Computers and productivity

It has been remarked that, “We find IT investment everywhere,
except in the productivity statistics.” The thought was occasioned by the observation that business investment in IT did not appear to be producing any measurable increases in productivity. This ‘Productivity Paradox’ has been investigated by a number of researchers and a number of possible explanations for the paradox have been developed.

1. Productivity has not increased but will in time. This explanation recognises the slow pace of innovation diffusion, and the even slower pace of organisational change. Both individuals and organisation, with the exception of a few neophiles, are slow to adopt new developments, particularly revolutionary ones. It has been remarked that the innovations which will cause significant change over the next 10-20 years are probably around now. The table below lists some innovations. It can be seen that we regard as new and modern have been around a long time. the first email was sent over forty years ago, and there are still people who do not use email.

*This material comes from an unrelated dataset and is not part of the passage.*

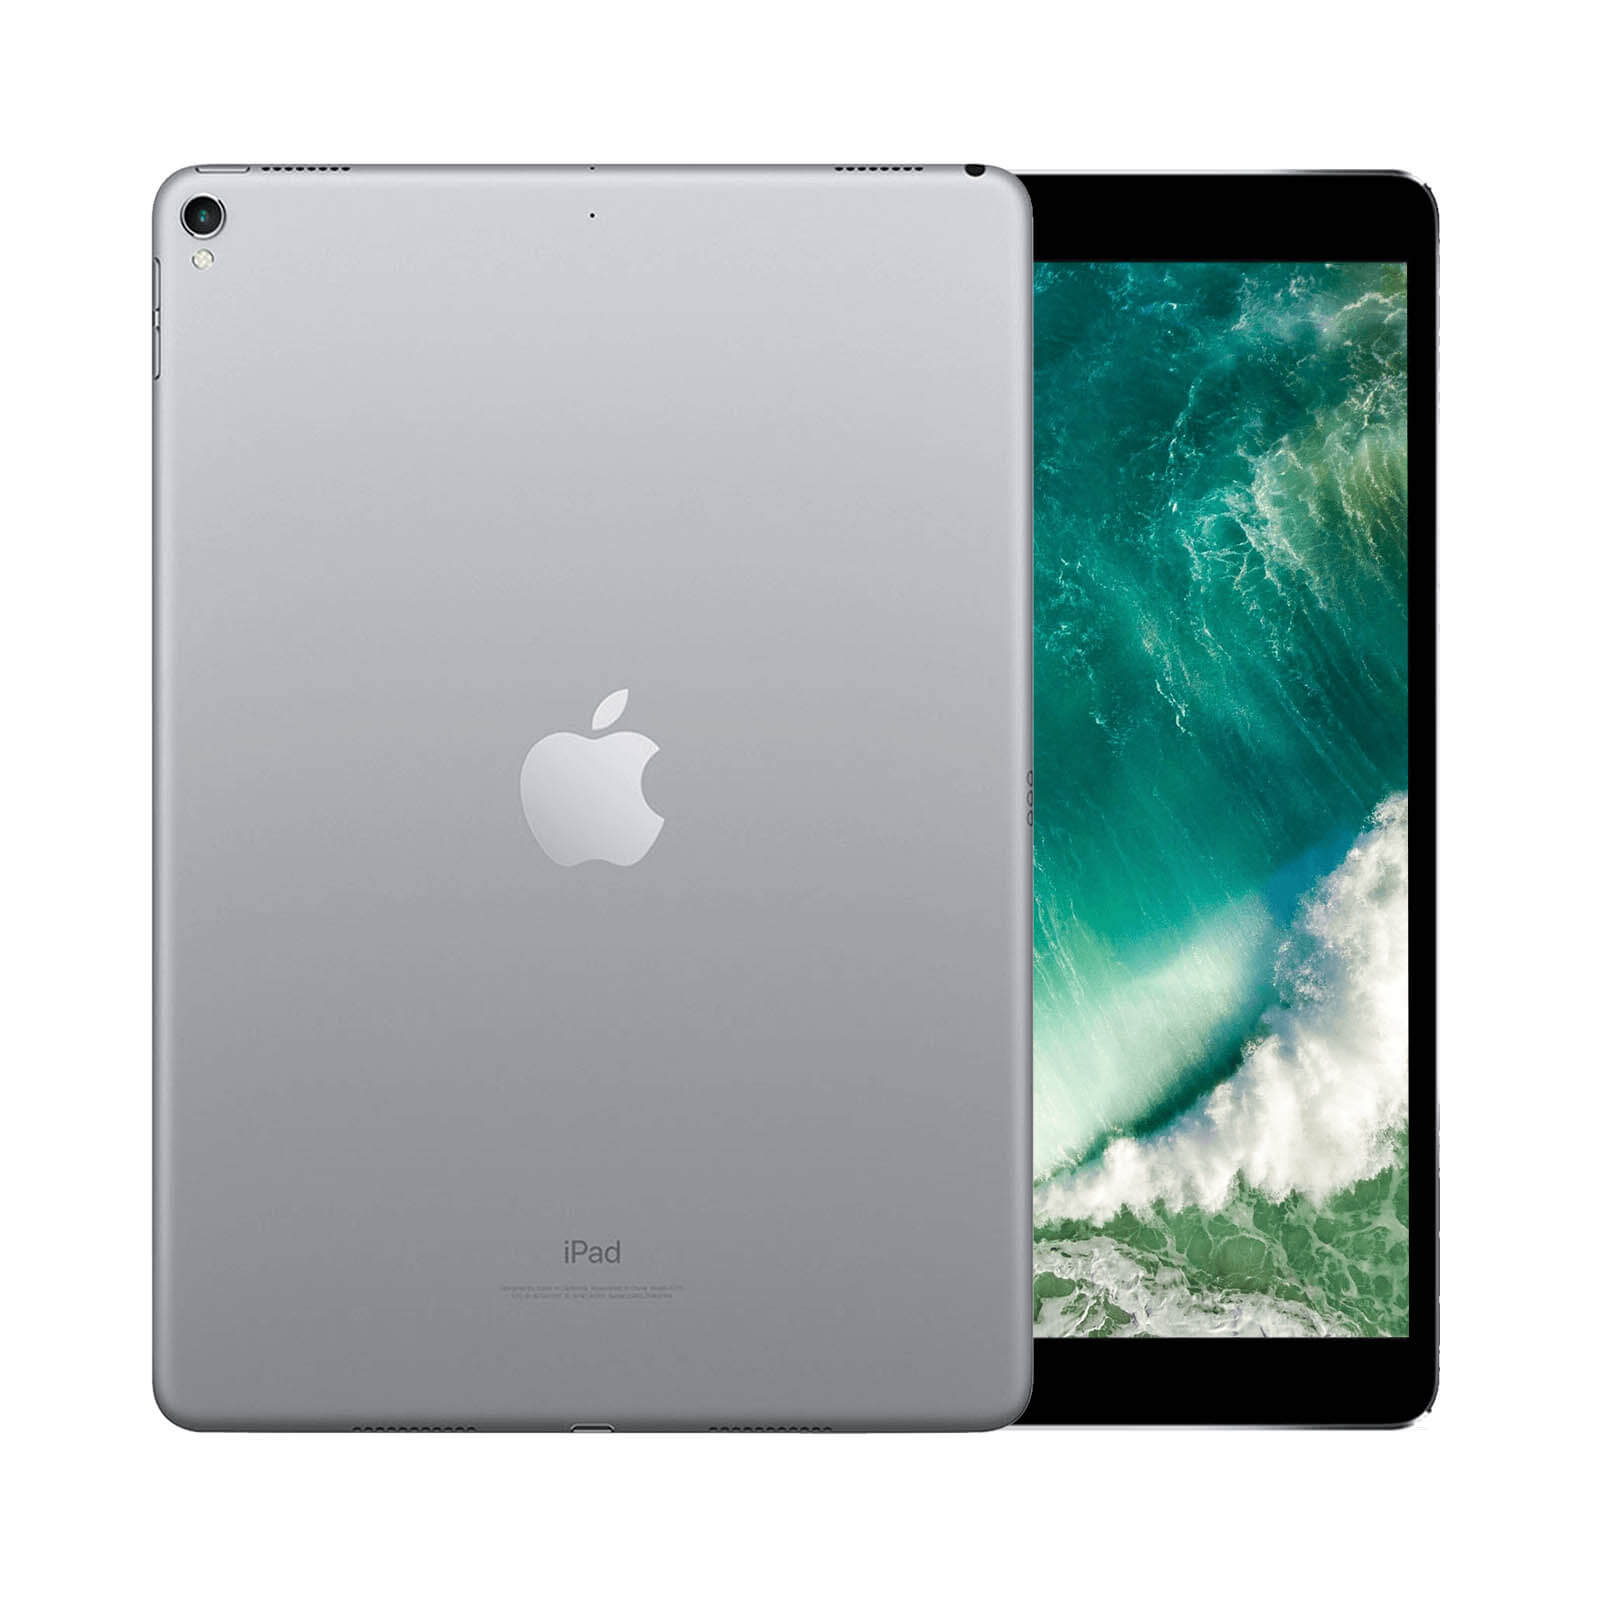 iPad Pro 10.5 Inch 256GB Space Grey Good - WiFi

1960’s Mailbox - first email
1965 Dendral - first expert system
1968 Engelbart’s demonstrated graphical user interface [lead to Windows]
1969 Compuserve – first online system
1972 Dialog – first online database
1976 Adventure – first computer game
1977 Apple II – first PC
1979 Visicalc – first spreadsheet

It has also been observed that people are even slower to change practices and processes to exploit new technology. The seminal work in this area is ‘The Dynamo and the Computer: An Historical Perspective on the Modern Productivity Paradox’ by Paul A David.

It should also be noted that significant innovations are infrequent. The technologies that disrupt existing business models or cause major changes in productivity and practices are very rare. Many innovations are little more than extra chrome, or minor evolutionary improvements on existing technology.

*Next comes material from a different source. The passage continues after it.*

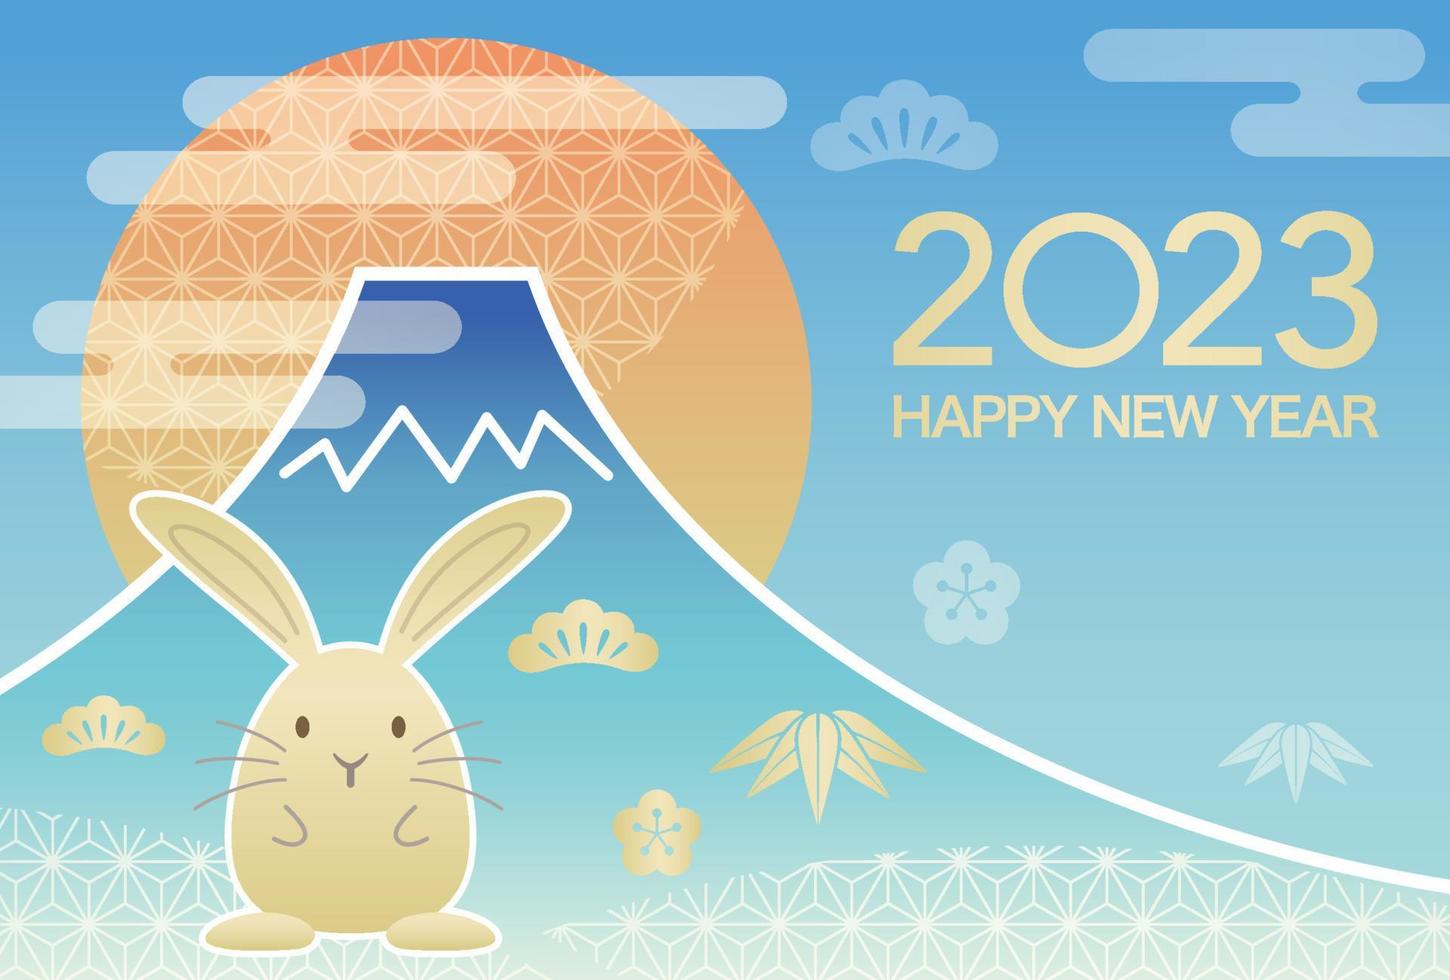 2023, ano do coelho, modelo de vetor de cartão de saudação de ano novo com mt. fuji, sol nascente e um mascote de coelho.

2. Productivity has not increased because IT investments are mismanaged. There is ample evidence that there is a low success rate in IT projects, particularly the larger ones.

3. Productivity has increased. The productivity paradox is a measurement error arising from the nature of the problem and the limitations of the research tools used by economists. Economists have attempted to find correlations between IT investment and productivity, but it may be that the data sets and tools being used are too crude to reveal productivity movements.

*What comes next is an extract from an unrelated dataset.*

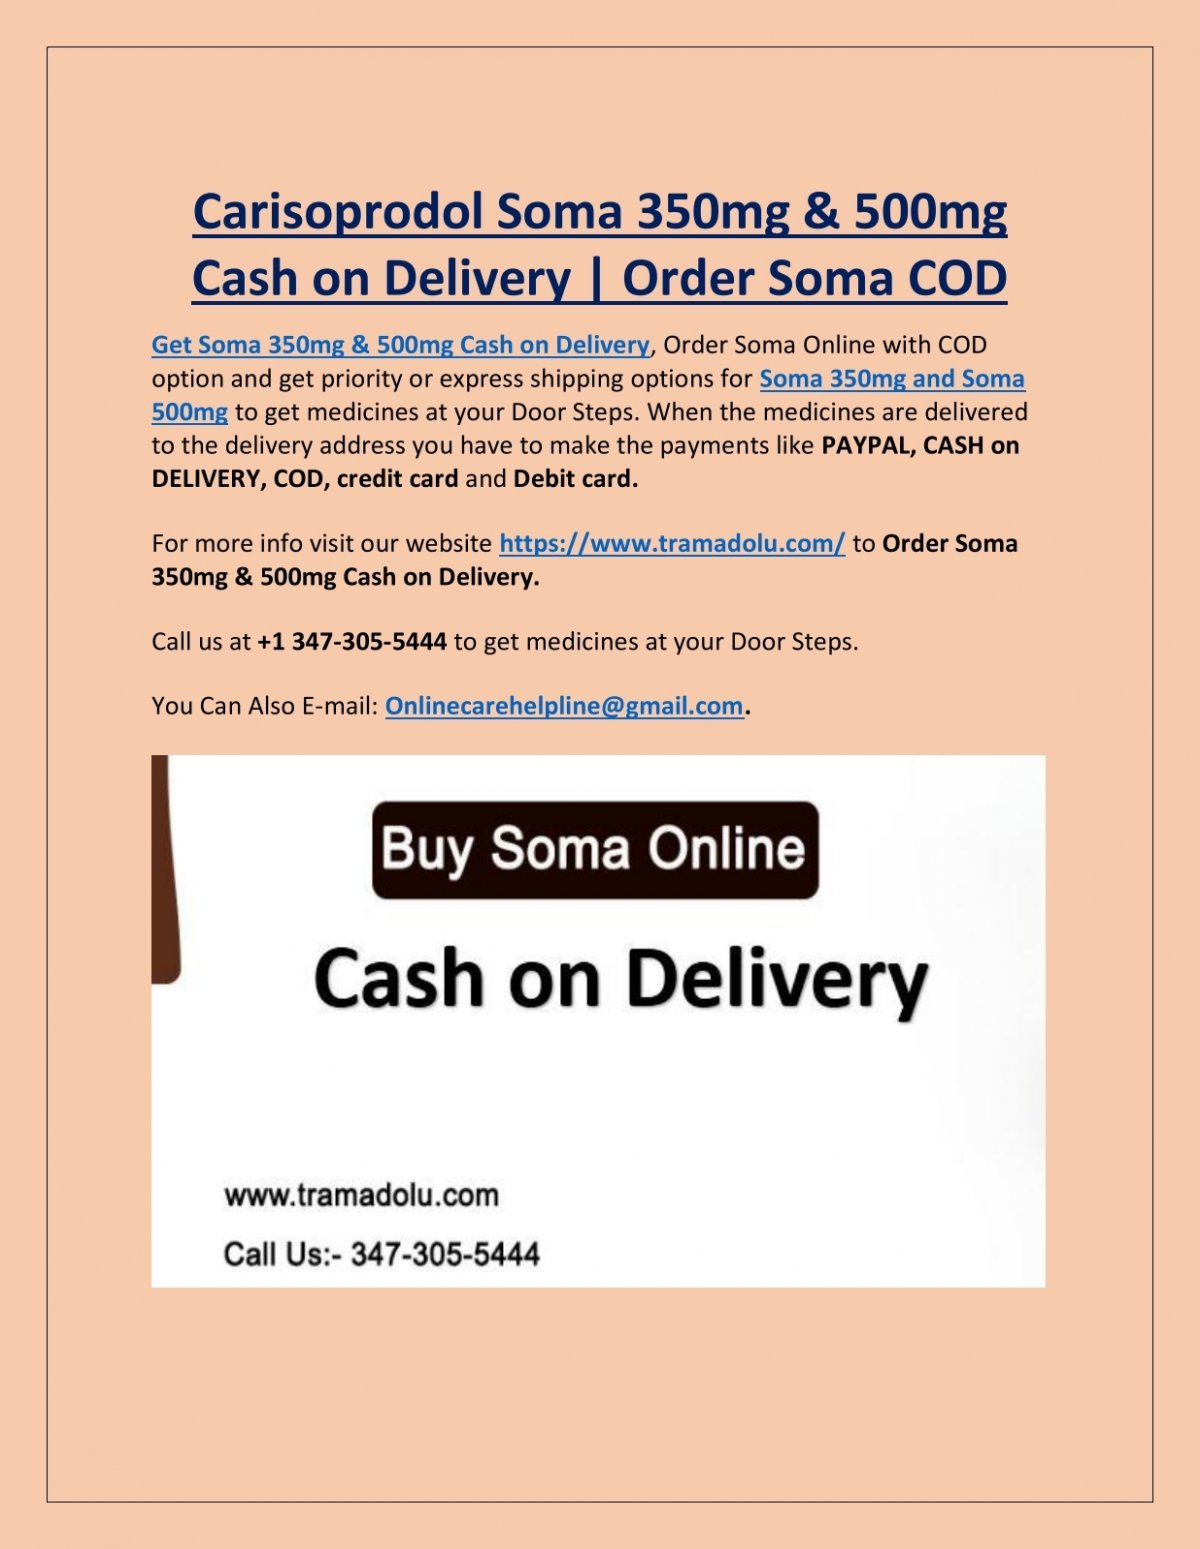 Buy Soma Online - Buy Soma (Carisoprodol) 350mg 500mg Online

4. Productivity has not increased because IT is marginal to knowledge based activities. The argument here is that computers are good at data processing but ineffective in processing the knowledge and expertise involved in many tasks. There may be some truth in this argument, but it would not explain why improvements in data processing productivity have not appeared in the statistics.

5. Productivity has increased but the gains are being used to make qualitative improvements, rather than quantitative changes. The argument here is that productivity gains are being used to provide greater variety, or other qualitative improvements, in products or services [no longer can buyers have a car in any colour as long as it is black]. They are not being used to reduce employment levels or increase output. Productivity gains are thus being used to “fund” innovative procedural changes rather than directly affecting employment or output. Economists have tried to measure productivity changes in terms of reductions in employment or increases in output. If this hypothesis is correct it is not surprising that they have found no changes.

There are a number of models which attempt to relate productivity and employment.

Model 1

This model argues that new technology increases productivity and therefore fewer employees are required. This may seem simplistic but the model was used for evaluating the viability of many IT investments. Savings in employments costs were used to measure the rate of return on proposed IT projects. If this model is plausible there should be evidence of productivity increases from IT investments.

Model 2

New technology increases productivity and enables new products and services. Employment may fall in some existing areas, but the development of the new products and services will produce compensating increases. If this model is plausible there may be no overall measurable changes in productivity.

Model 3

As model 2 but the effects of the compensating mechanisms may be delayed, disproportionate or occur elsewhere. If this model is plausible then there may, or may not be, measurable changes in productivity.